# DATA SEGMENT:
====

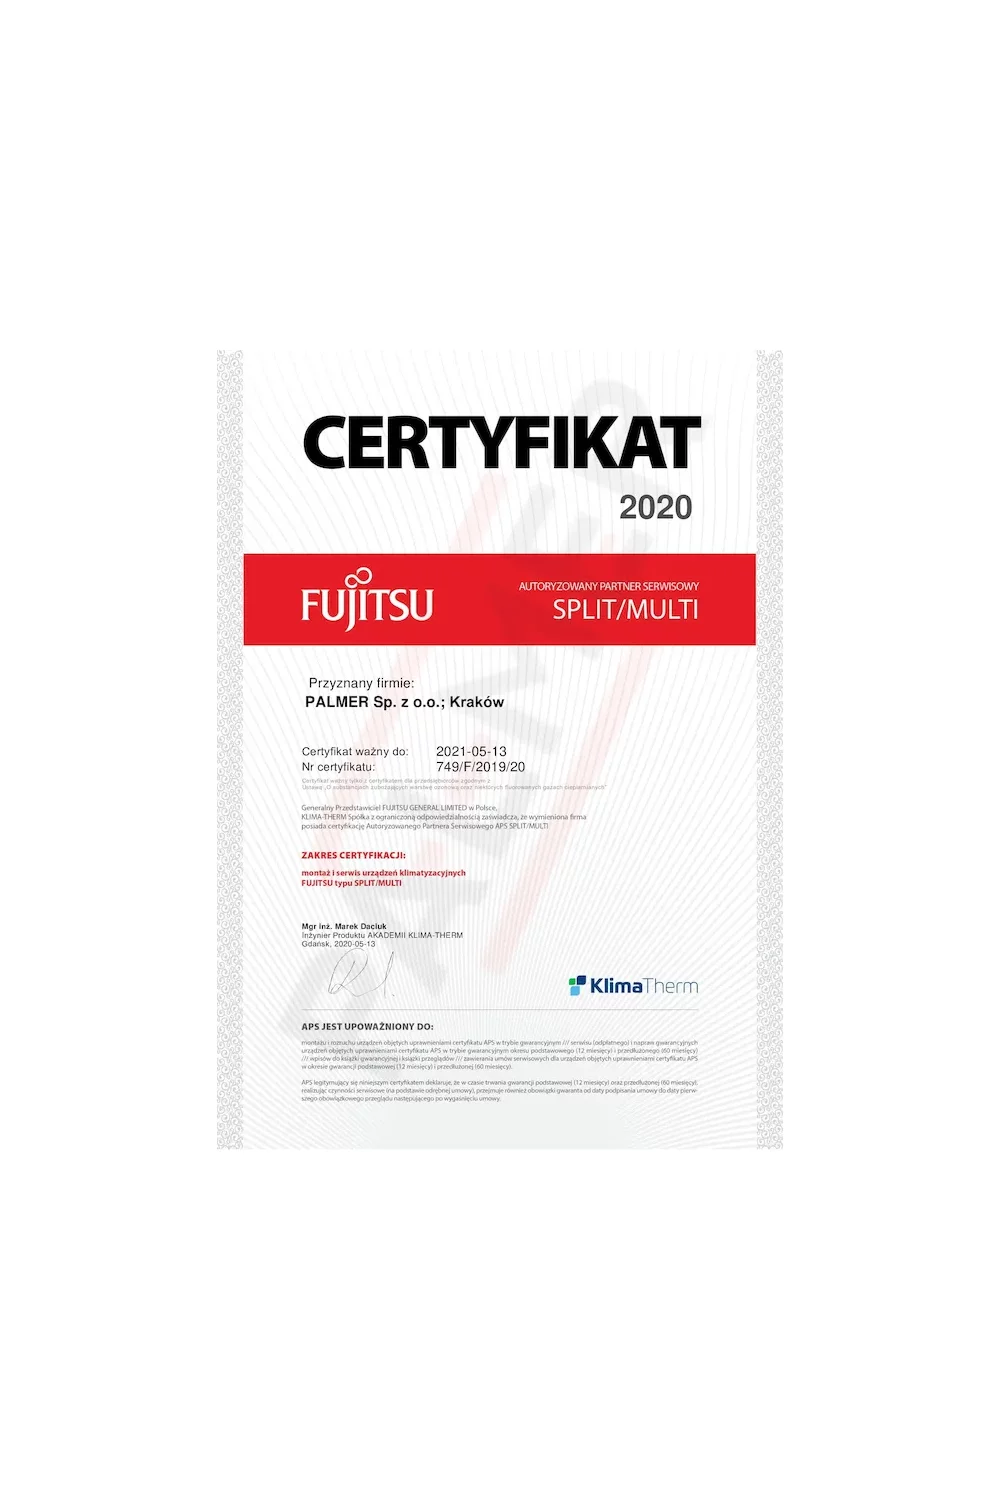 Certyfikat Fujitsu 2020 - zdjęcie
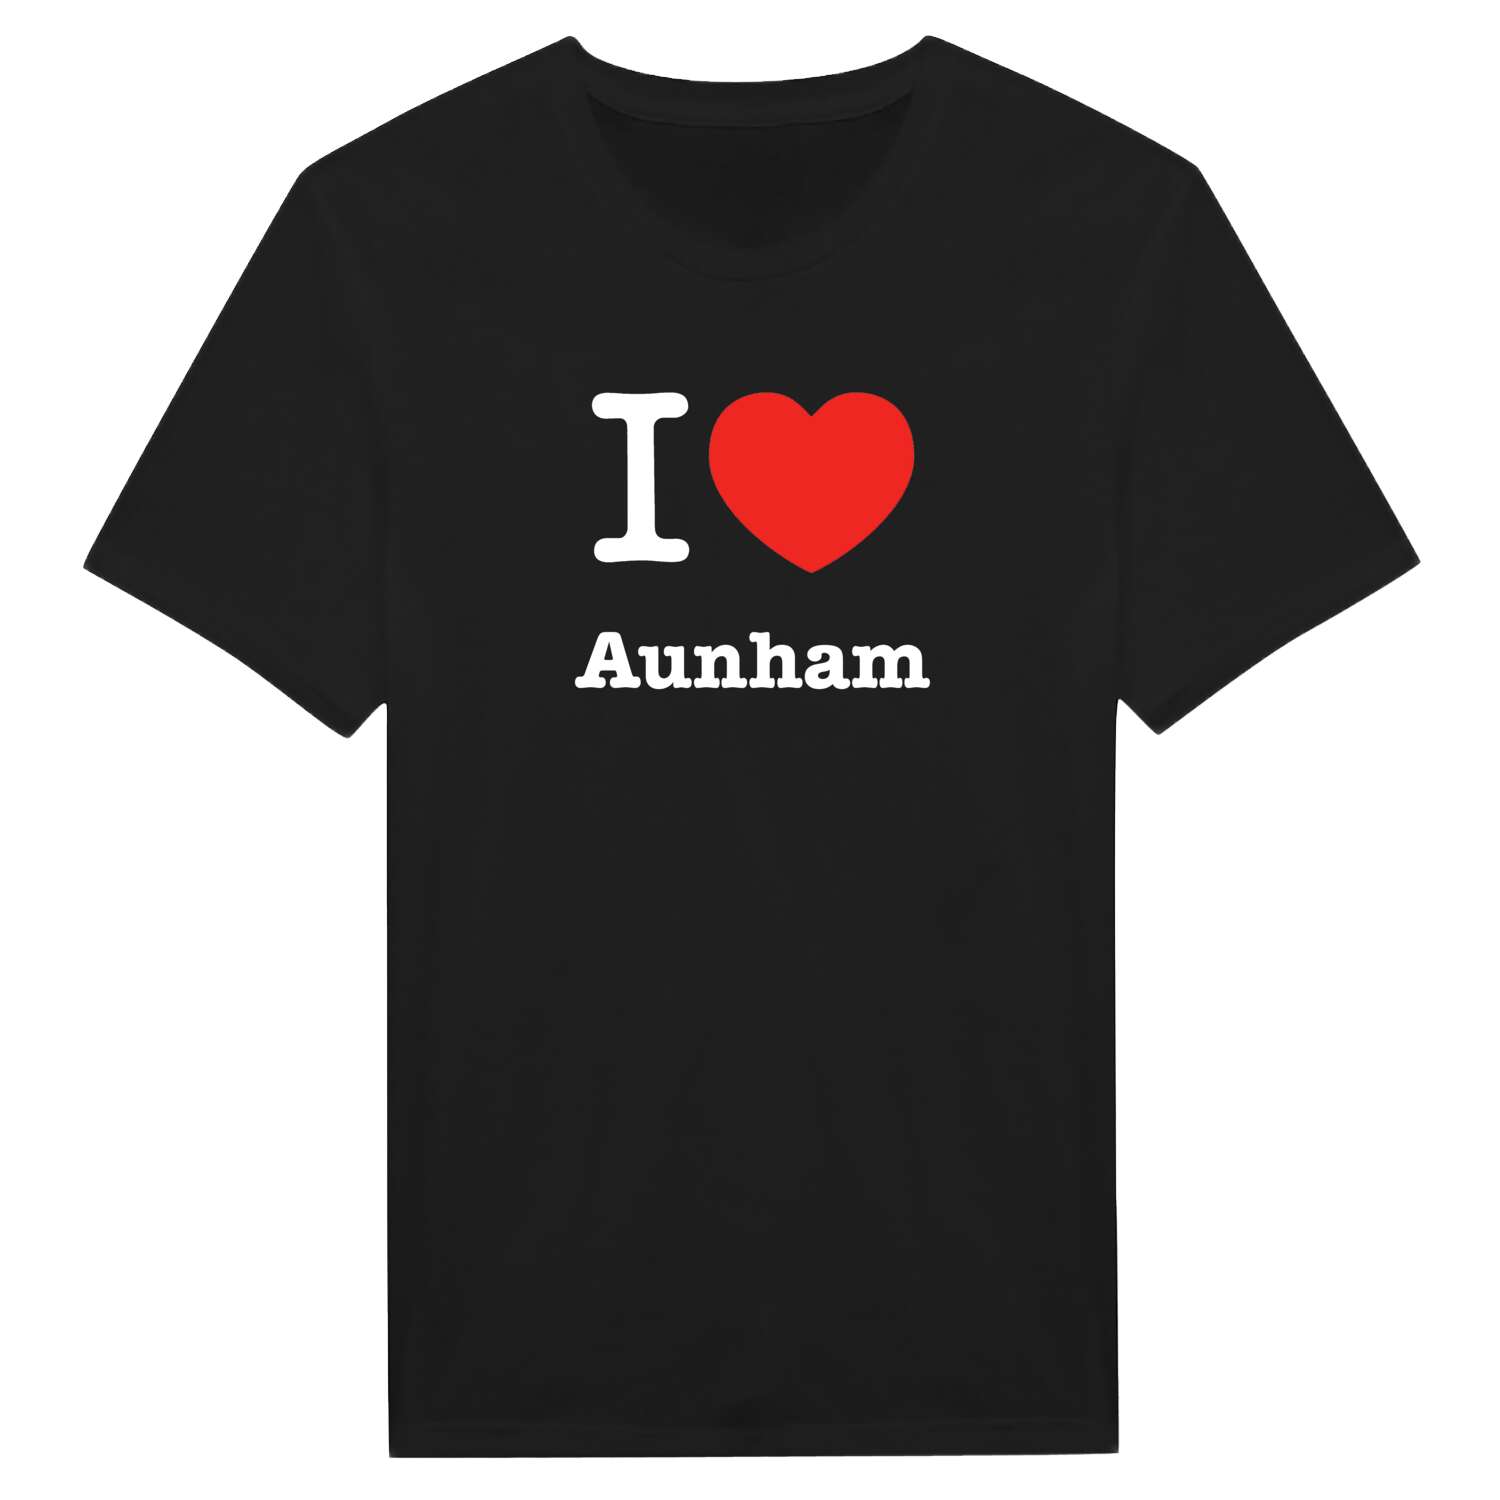 Aunham T-Shirt »I love«
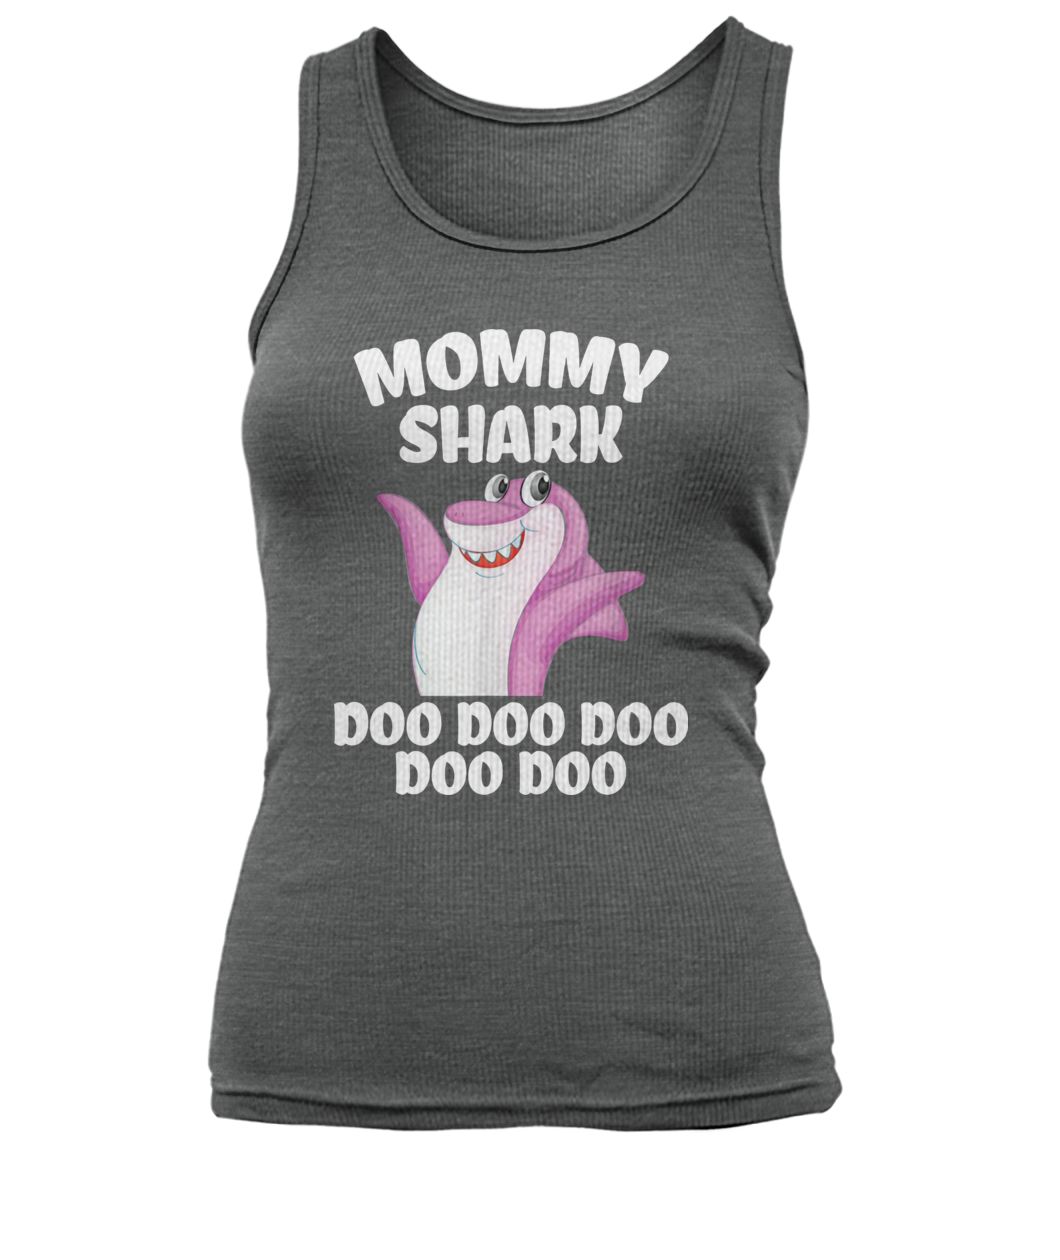 Mommy shark doo doo doo mother's day women's tank top

====

# WORK ITEM:
Restate the data word for word and exclude every picture.

# RESULT FOR THIS TASK:
 Certyfikat Fujitsu 2020 - zdjęcie
 Aunham T-Shirt »I love«
 Mommy shark doo doo doo mother's day women's tank top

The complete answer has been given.